WHAT TO WORK ON
Every entry is to be transcribed as it stands. Images stay out.

########################################

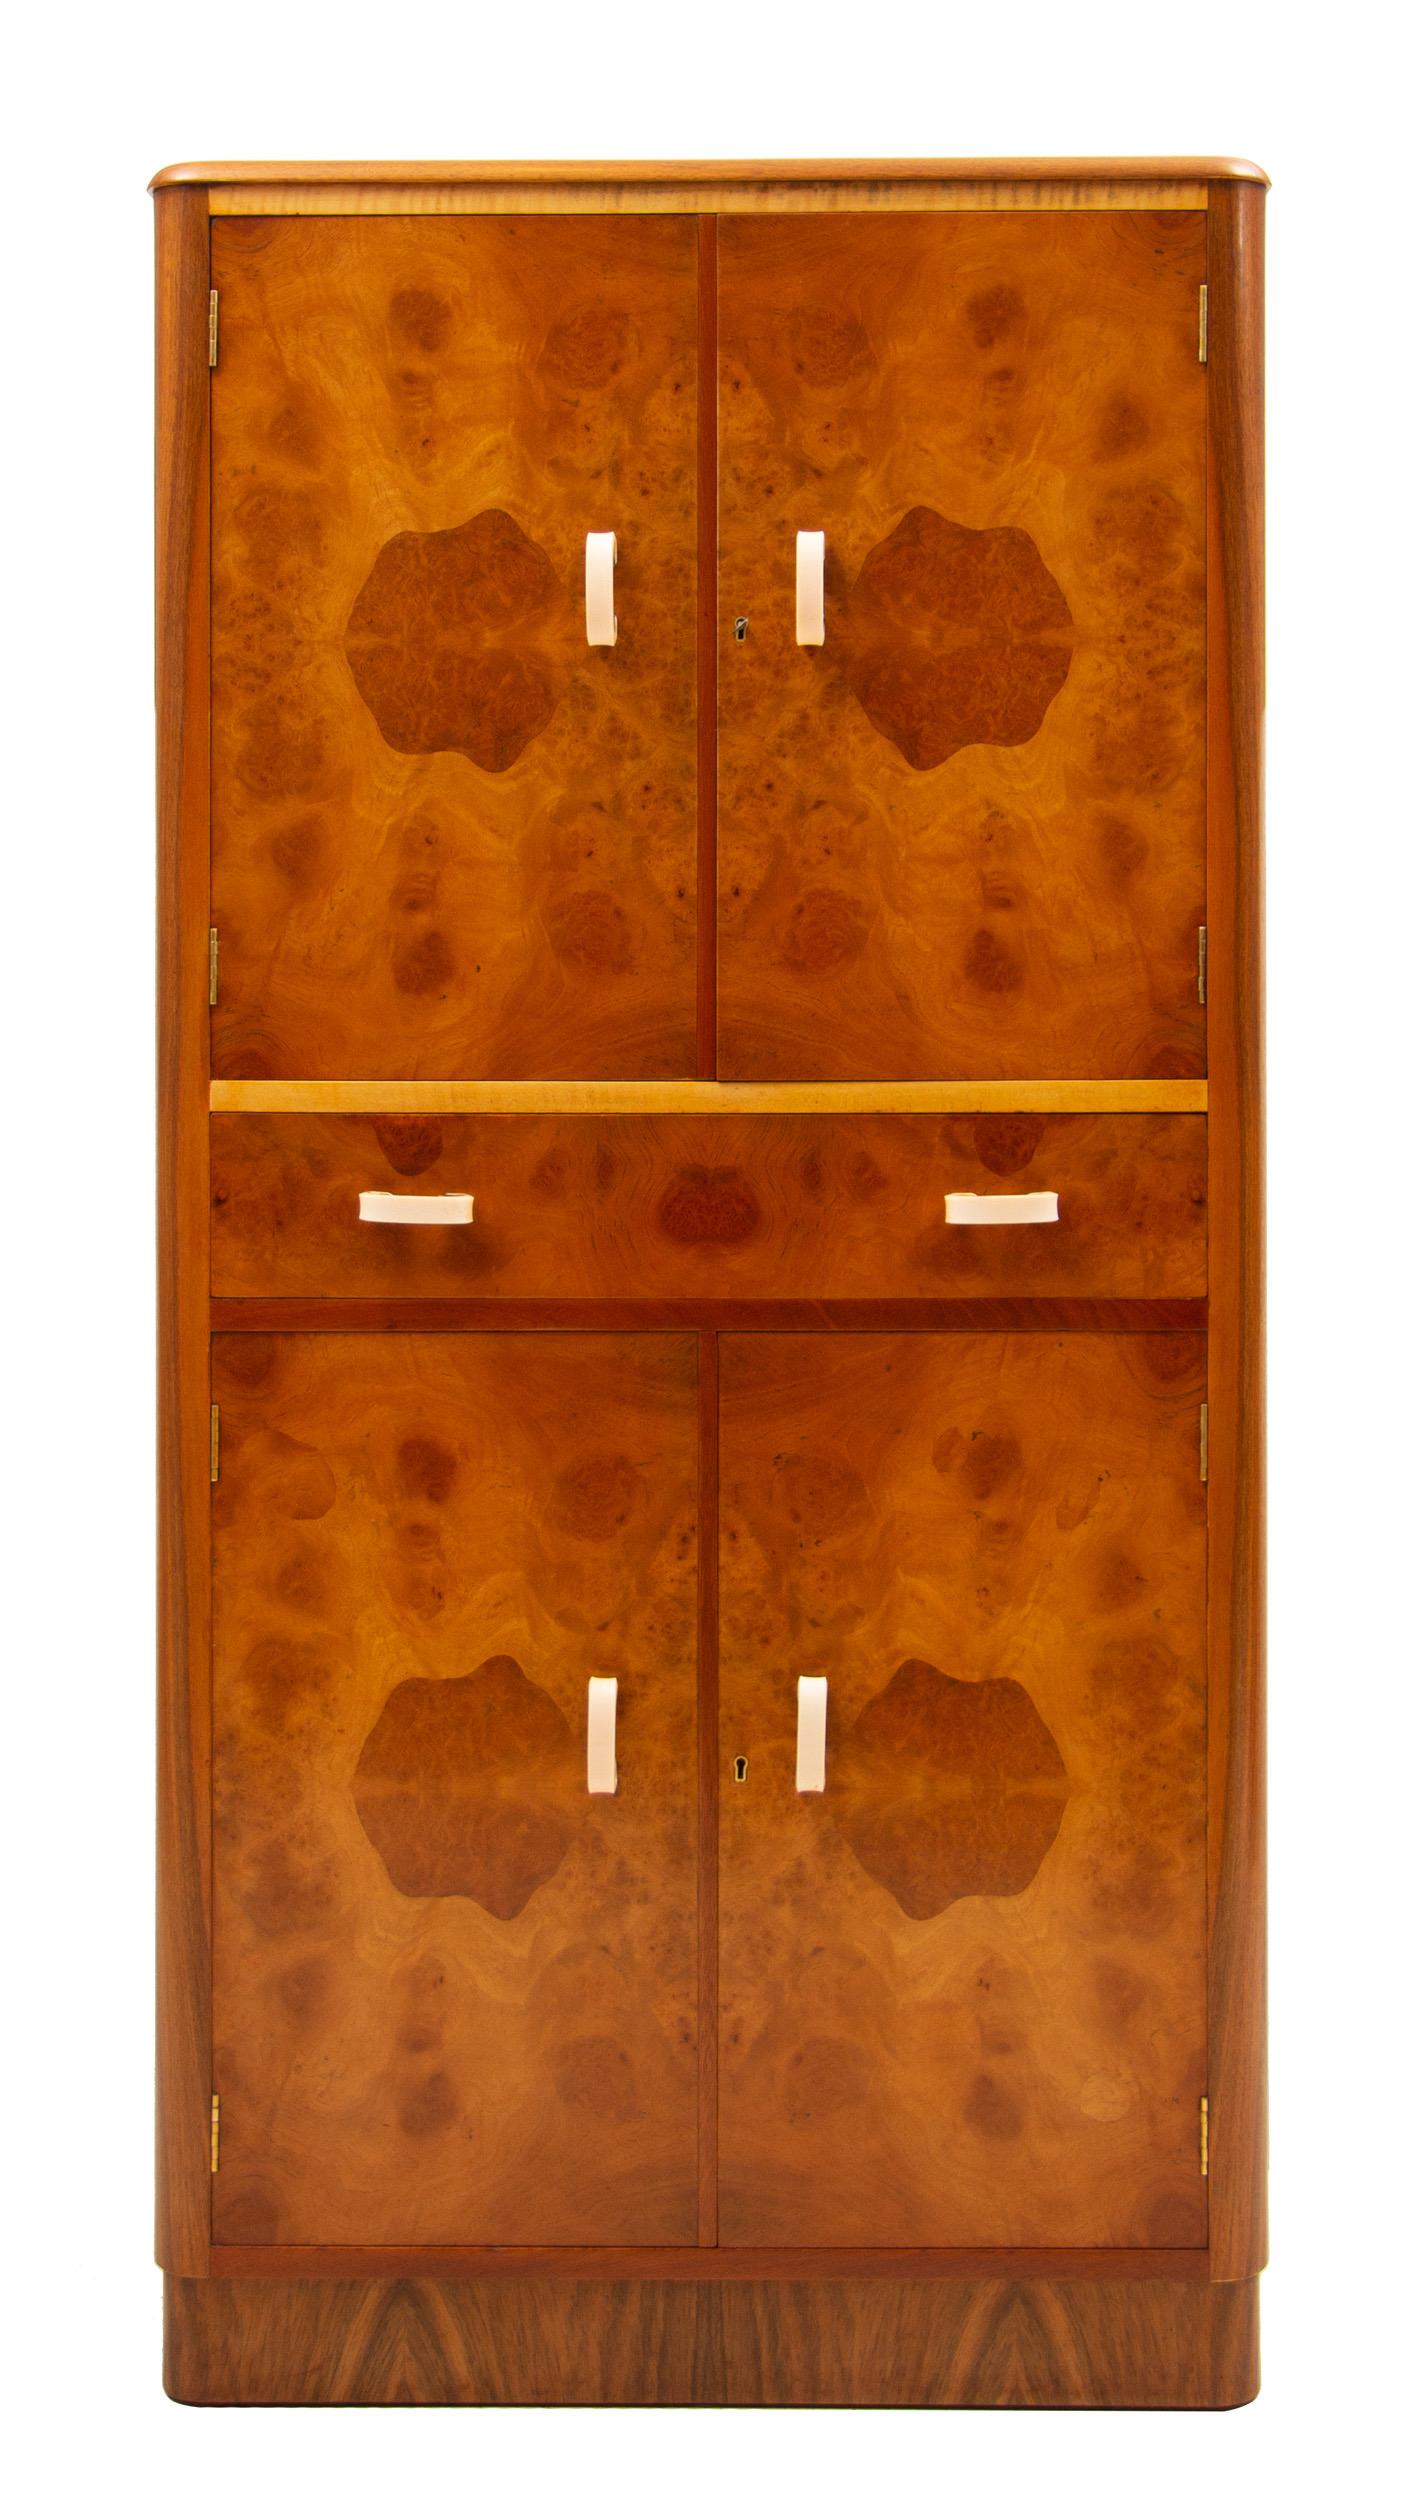 Art Deco cocktail cabinet in bird's-eye maple and walnut.
Upper section with internal glass shelves and mirrored back
Mirrored slide for cutting lemons and limes
Single drawer above lower cupboard with two doors
Measures: H 153 cm, W 77 cm, D 51

########################################

ANSWER AREA
 Art Deco cocktail cabinet in bird's-eye maple and walnut.
Upper section with internal glass shelves and mirrored back
Mirrored slide for cutting lemons and limes
Single drawer above lower cupboard with two doors
Measures: H 153 cm, W 77 cm, D 51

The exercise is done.